■ **TASK DIRECTIONS**: Copy out the listing below exactly, please, and skip any pictures.

■ **RECORDED INFORMATION**:

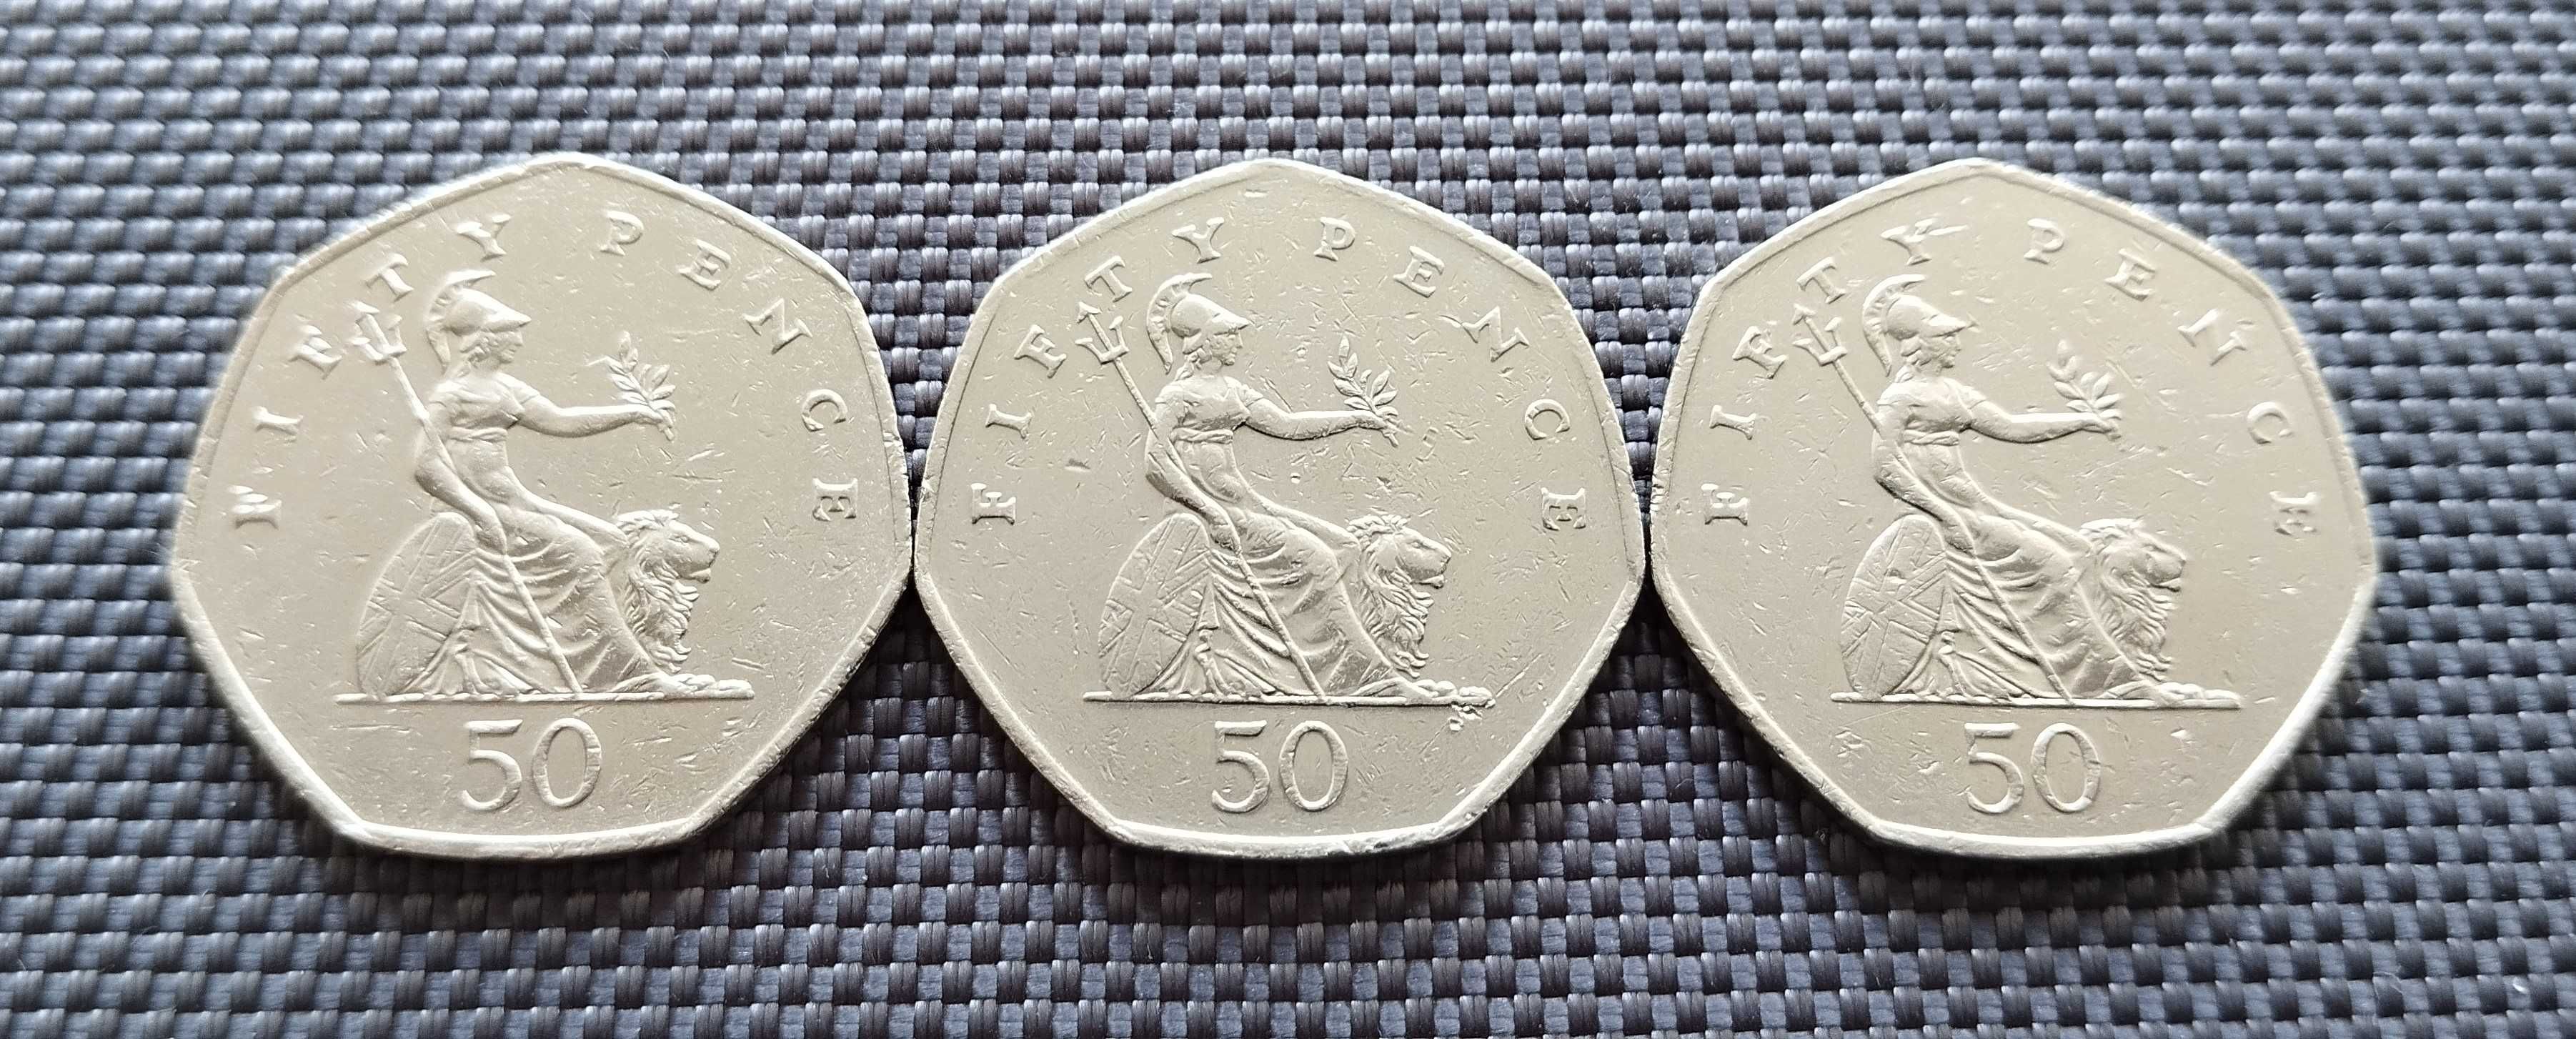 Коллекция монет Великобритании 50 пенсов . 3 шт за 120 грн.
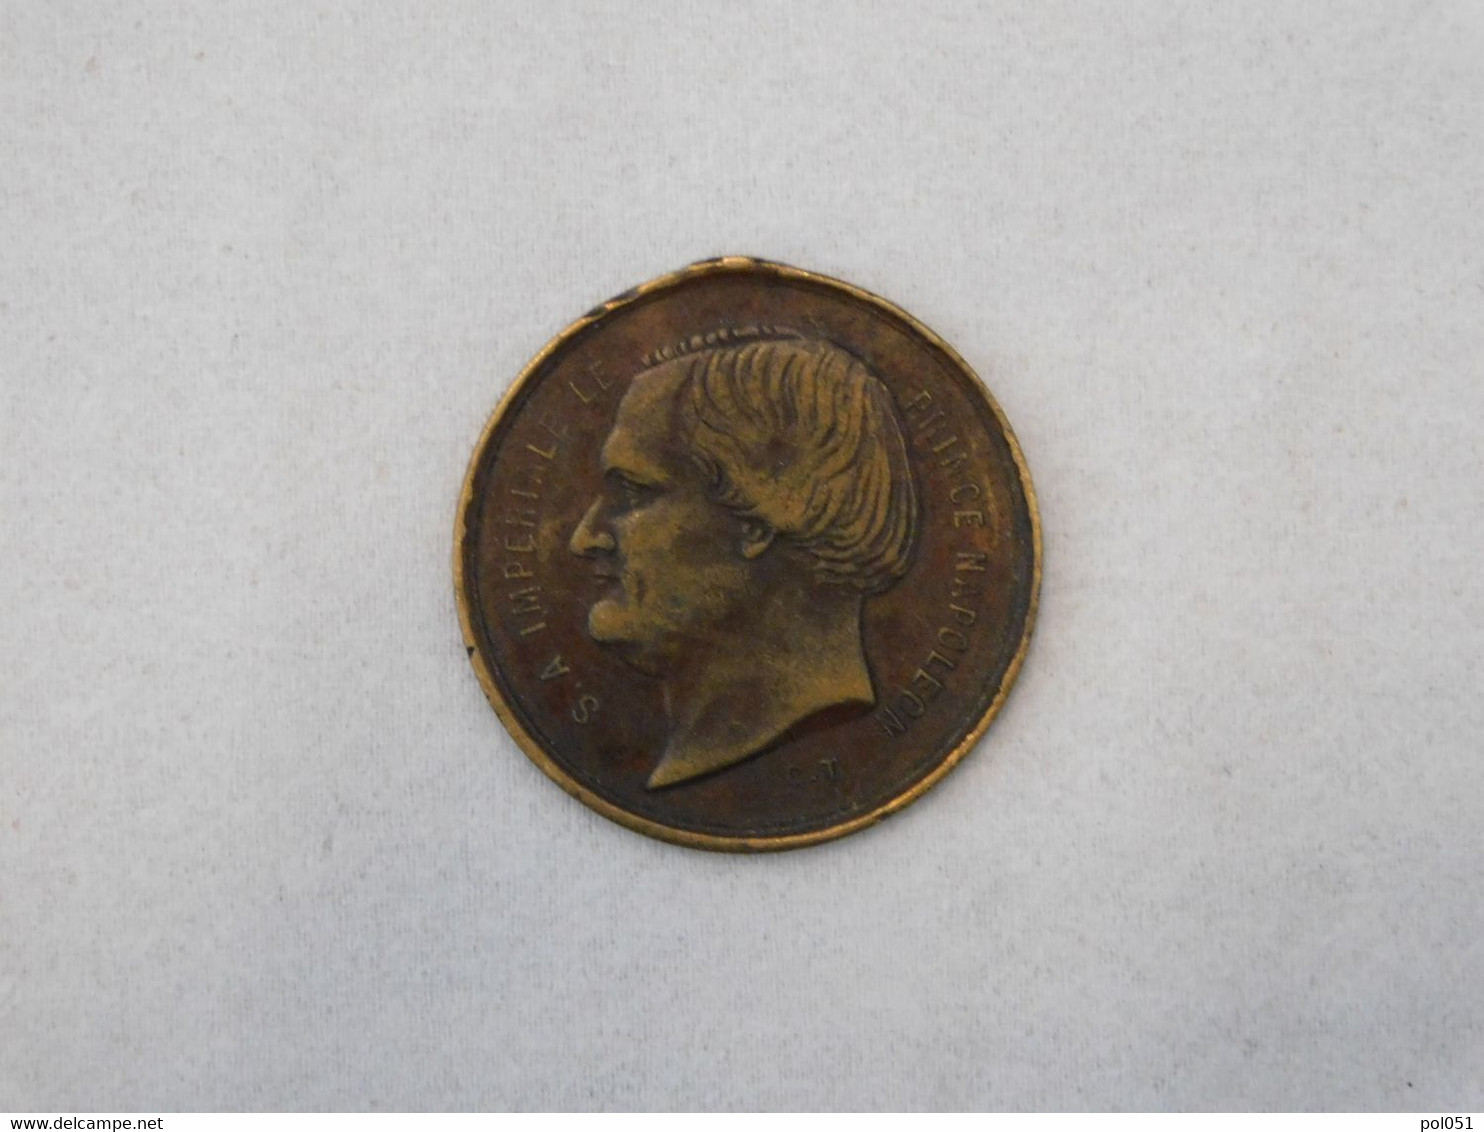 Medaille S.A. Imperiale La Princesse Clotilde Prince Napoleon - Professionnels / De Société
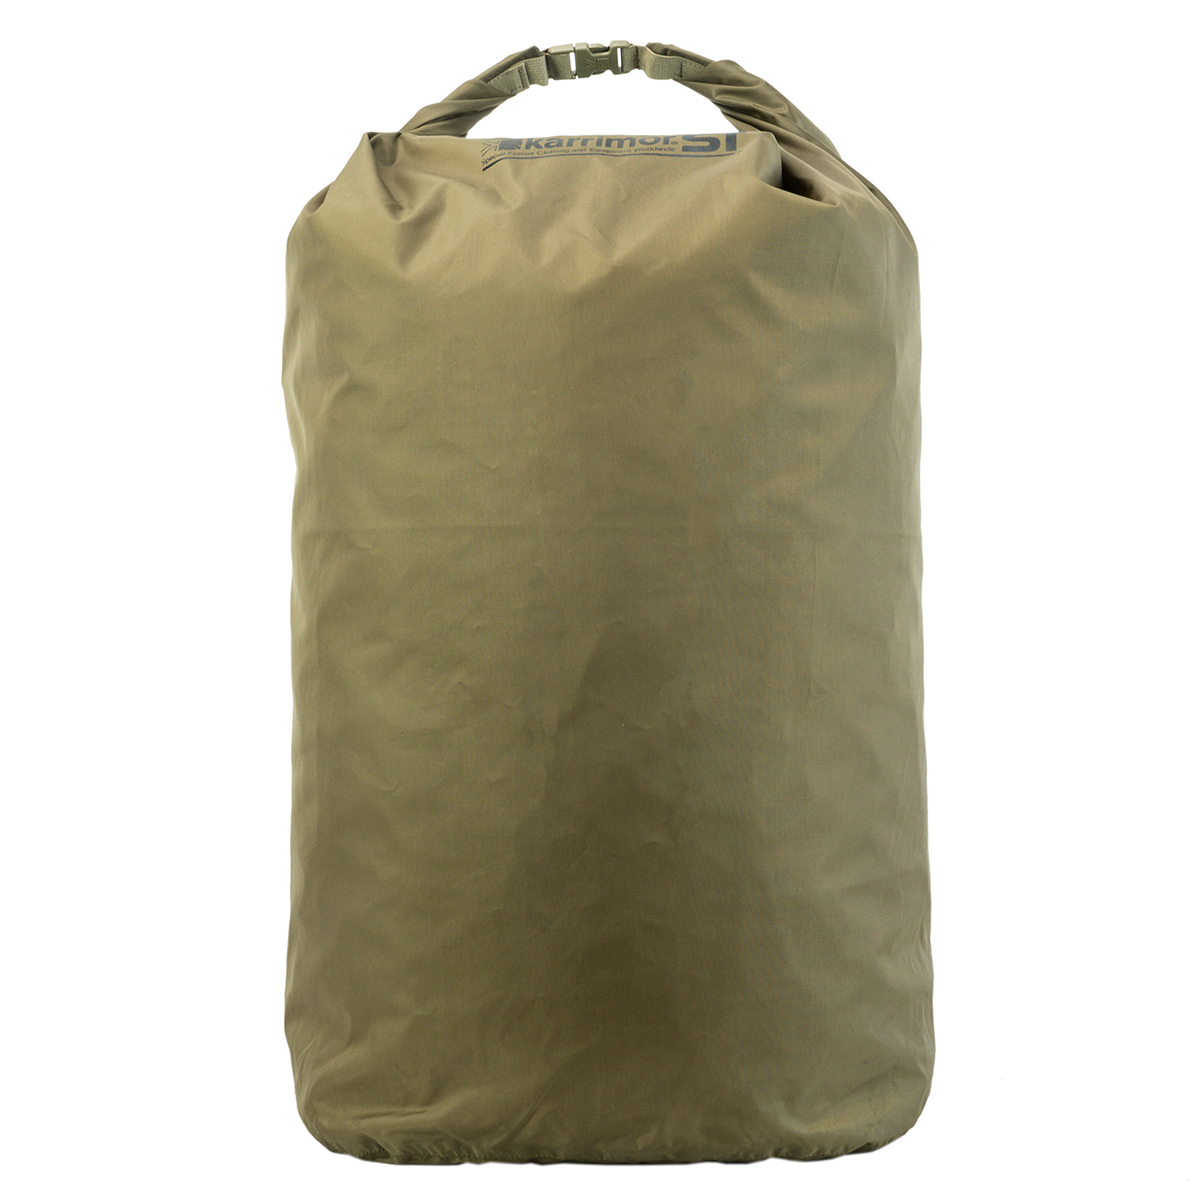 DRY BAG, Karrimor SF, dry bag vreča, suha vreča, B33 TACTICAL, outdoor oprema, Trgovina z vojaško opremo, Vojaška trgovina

■ **EXPECTED ANSWER**:
 Коллекция монет Великобритании 50 пенсов . 3 шт за 120 грн.
 Medaille S.A. Imperiale La Princesse Clotilde Prince Napoleon - Professionnels / De Société
 DRY BAG, Karrimor SF, dry bag vreča, suha vreča, B33 TACTICAL, outdoor oprema, Trgovina z vojaško opremo, Vojaška trgovina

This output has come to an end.